App::import('Slugger.Lib', 'SlugRoute'); SlugRoute::connect();
If you are unfamiliar with CakePHP 2.x, it predates the wide spread acceptance of PSR-1 or PSR-4 autoloading standards. It uses a static class called App that acts primarily as an autoloader.
I was able to find a
Plugin folder called
Slugger and so I decided to investigate the
connect() method. Based on the
App::import() method, its loading the
SlugRoute class from the
Slugger.Lib namespace. This would be the equivalent of using
use Slugger\Lib\SlugRoute; in a more modern PHP setting.
Plugins – Half Baked Ideas?
The sole method in this class is in fact the
connect() method which is very basic. It calls upon the model to grab all the columns from the slugs table and connects them all to the main application’s
Router class. An interesting line in this method goes like this:
$route = json_decode($slug['Slug']['route'], true); Router::connect('/' . $slug['Slug']['name'], $route);
So for every row in the slugs table we are decoding JSON from a column, and associating it with a route name from the database. Time to look at this table and what kind of data is in there.
mysql> SHOW COLUMNS FROM slugs; +----------+--------------+------+-----+---------+----------------+ | Field | Type | Null | Key | Default | Extra | +----------+--------------+------+-----+---------+----------------+ | id | int(11) | NO | PRI | NULL | auto_increment | | name | varchar(255) | NO | | NULL | | | route | varchar(255) | NO | | NULL | | | model | varchar(255) | NO | | NULL | | | model_id | int(11) | NO | | NULL | | +----------+--------------+------+-----+---------+----------------+
This is an extremely basic table. When I look at some examples of data that are in these columns, I see that the
name column is a full route, such as
news/personnel/slug-of-some-article, a JSON encoded CakePHP 2.x route array, the name of the Model itself, and the ID to pass what I assume the controller’s
view() method takes as a parameter – both pieces of data by the way are within the encoded route array. There’s a lot of redundant data being saved around the application.
Gluten Free Snacks
I prefer a very dense cake. Something like a coffee cake, or a pound cake. Hell, fruitcake isn’t even that bad. These dense cakes though are a terrible metaphor for how CakePHP applications should be built out. So I’m going to cut the cruft and get to the point. We can make the application logically faster by consolidating data together.

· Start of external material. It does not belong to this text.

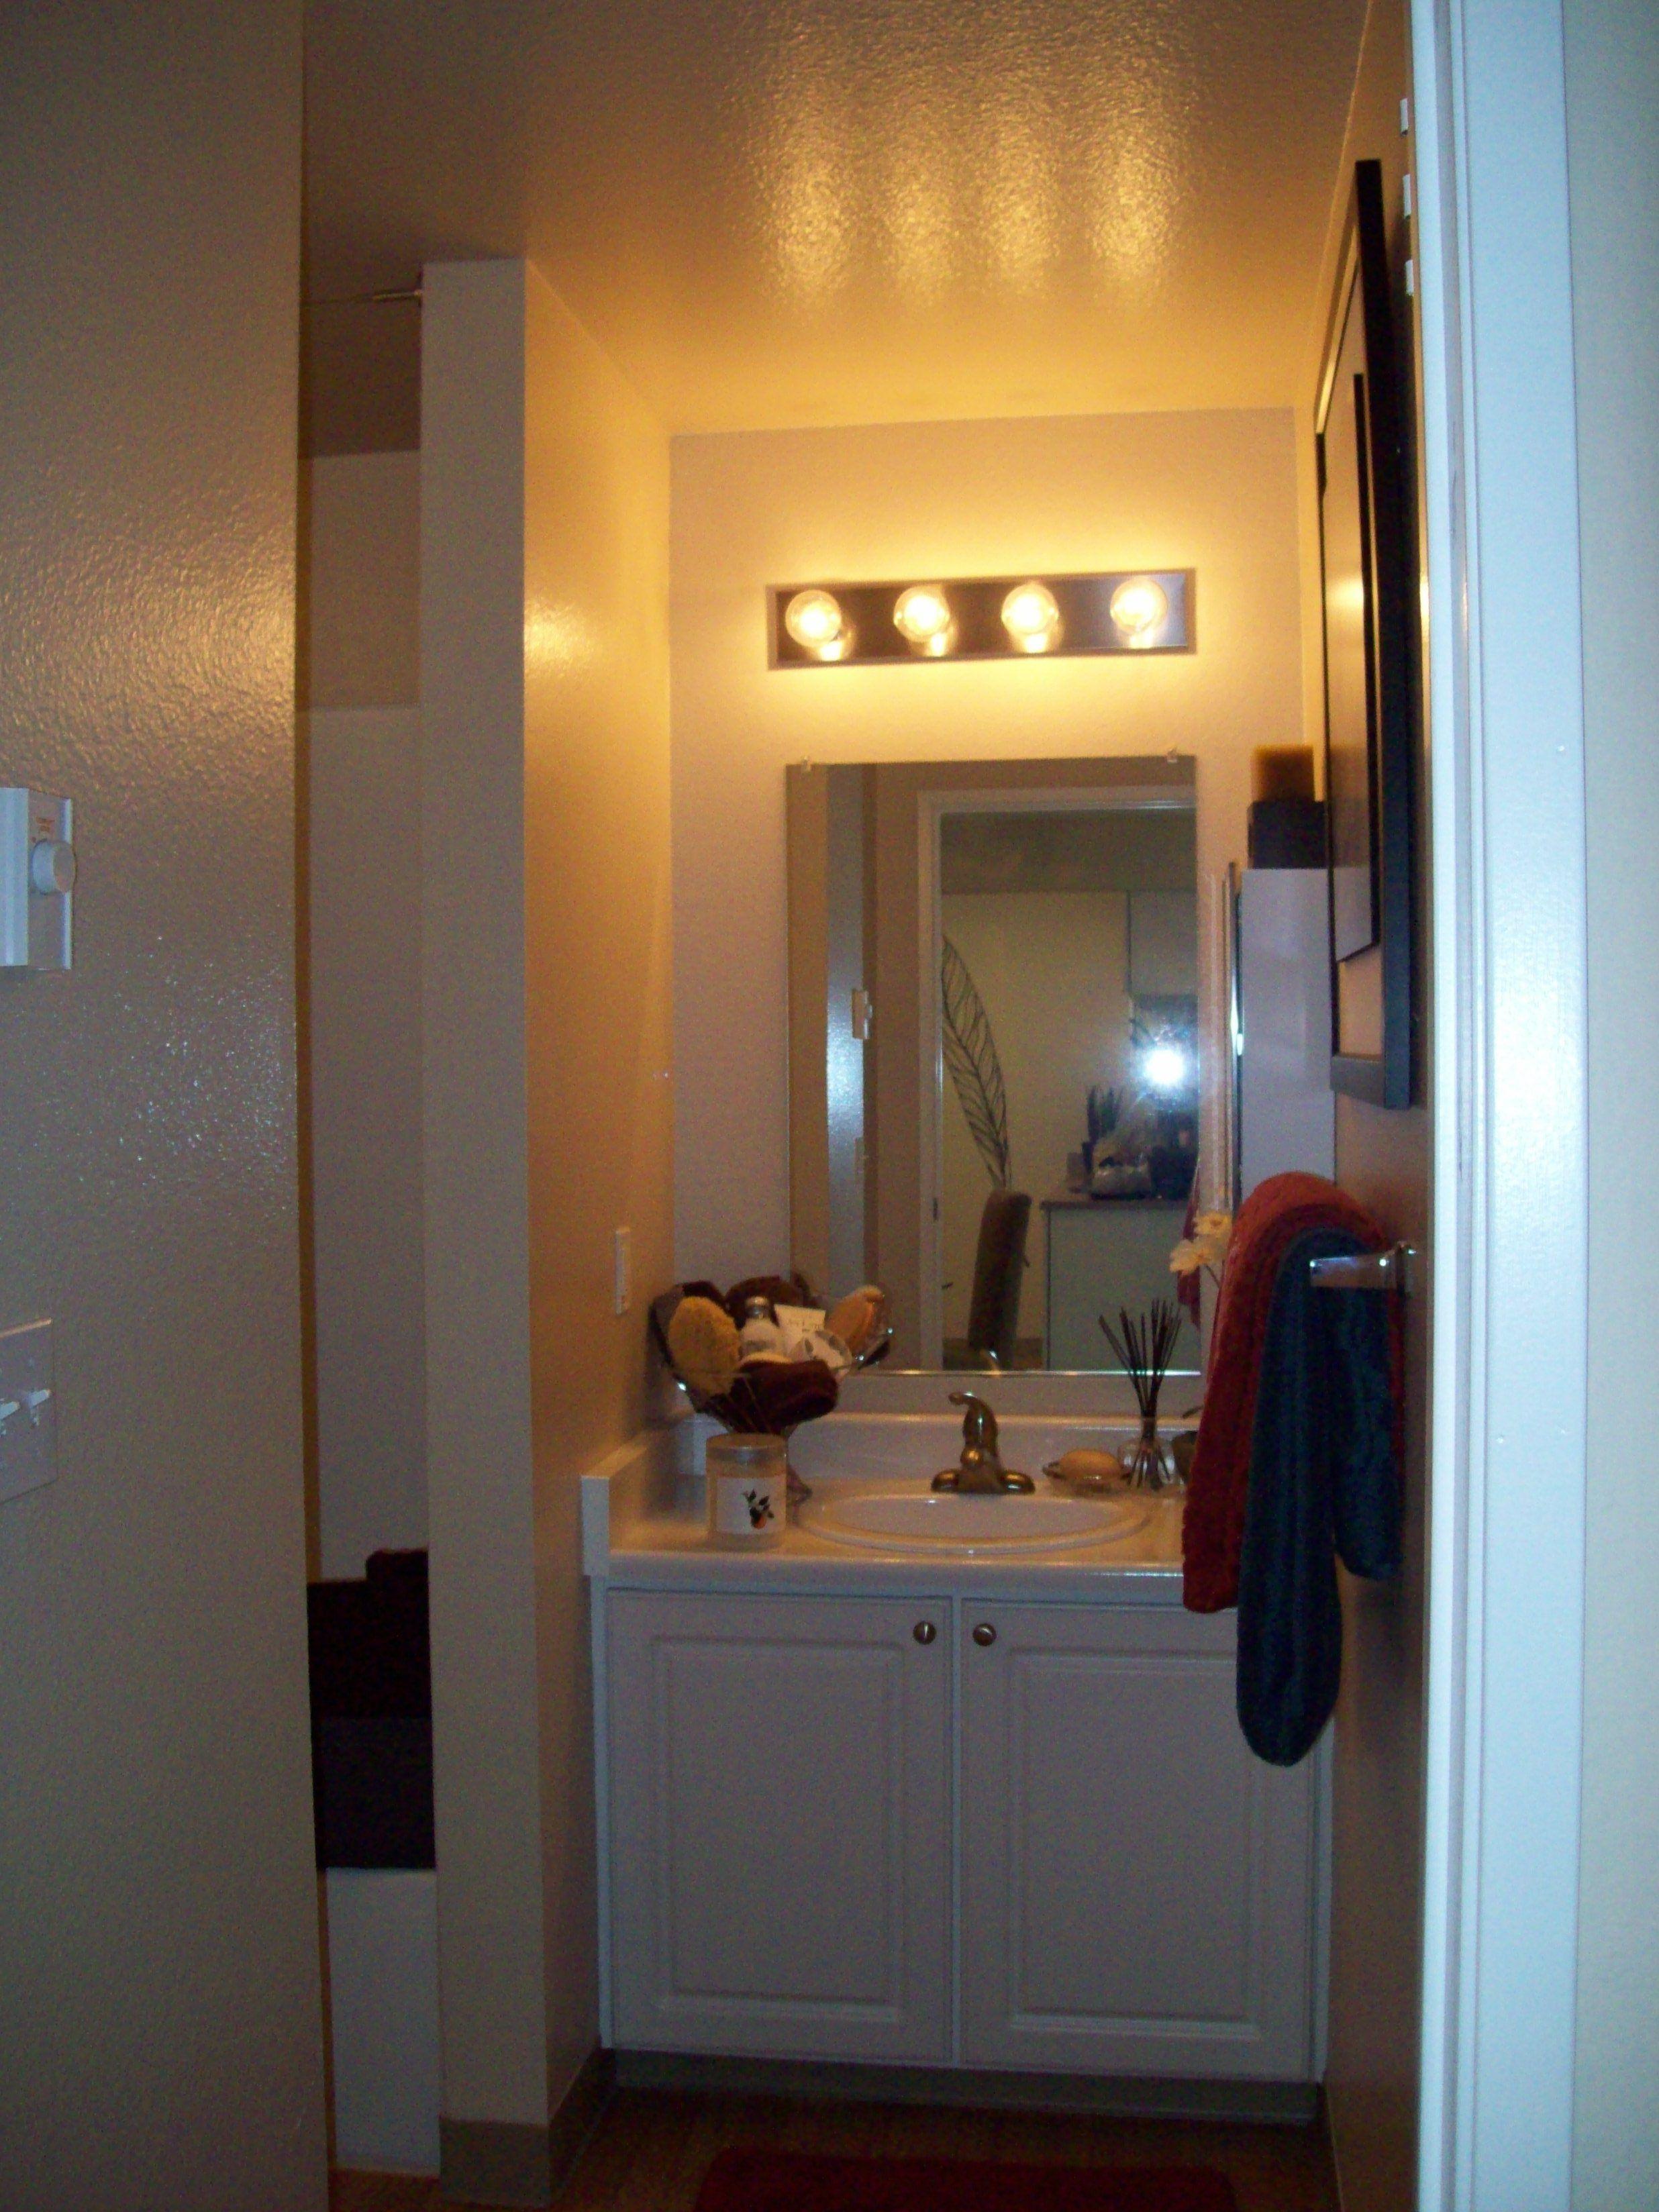 Cascade Onebedroom, One Bath 644 sq. feet Bathroom

“But Dave! We must normalize everything!” Not a bad point, but really do you think we need a whole table for slugs when we can just have a slug field in the row of the data we’re looking up? I mean it could work well, but the current implementation kind of makes my head hurt.
Think of the request to response the application is making with the plugin.
- Client asks for URI
SlugRoute::connect()method looks through all of the slugs in the database, decodes the JSON string into an array (completely ignoring other data in the
slugstable…), and adds them as a route to the
Router. (Holy O(n^2) Batman!)
- The Dispatcher matches
/news/personnel/some-slug-to-an-articleto one of the routes, and loads the objects and proceed with the logic.
So I’m thinking that we can probably skip that second step entirely. I think I want to pass the route directly into the
ArticlesController::view() method. This saves an extra call to the database per every request cycle. So what else is affected by this plugin?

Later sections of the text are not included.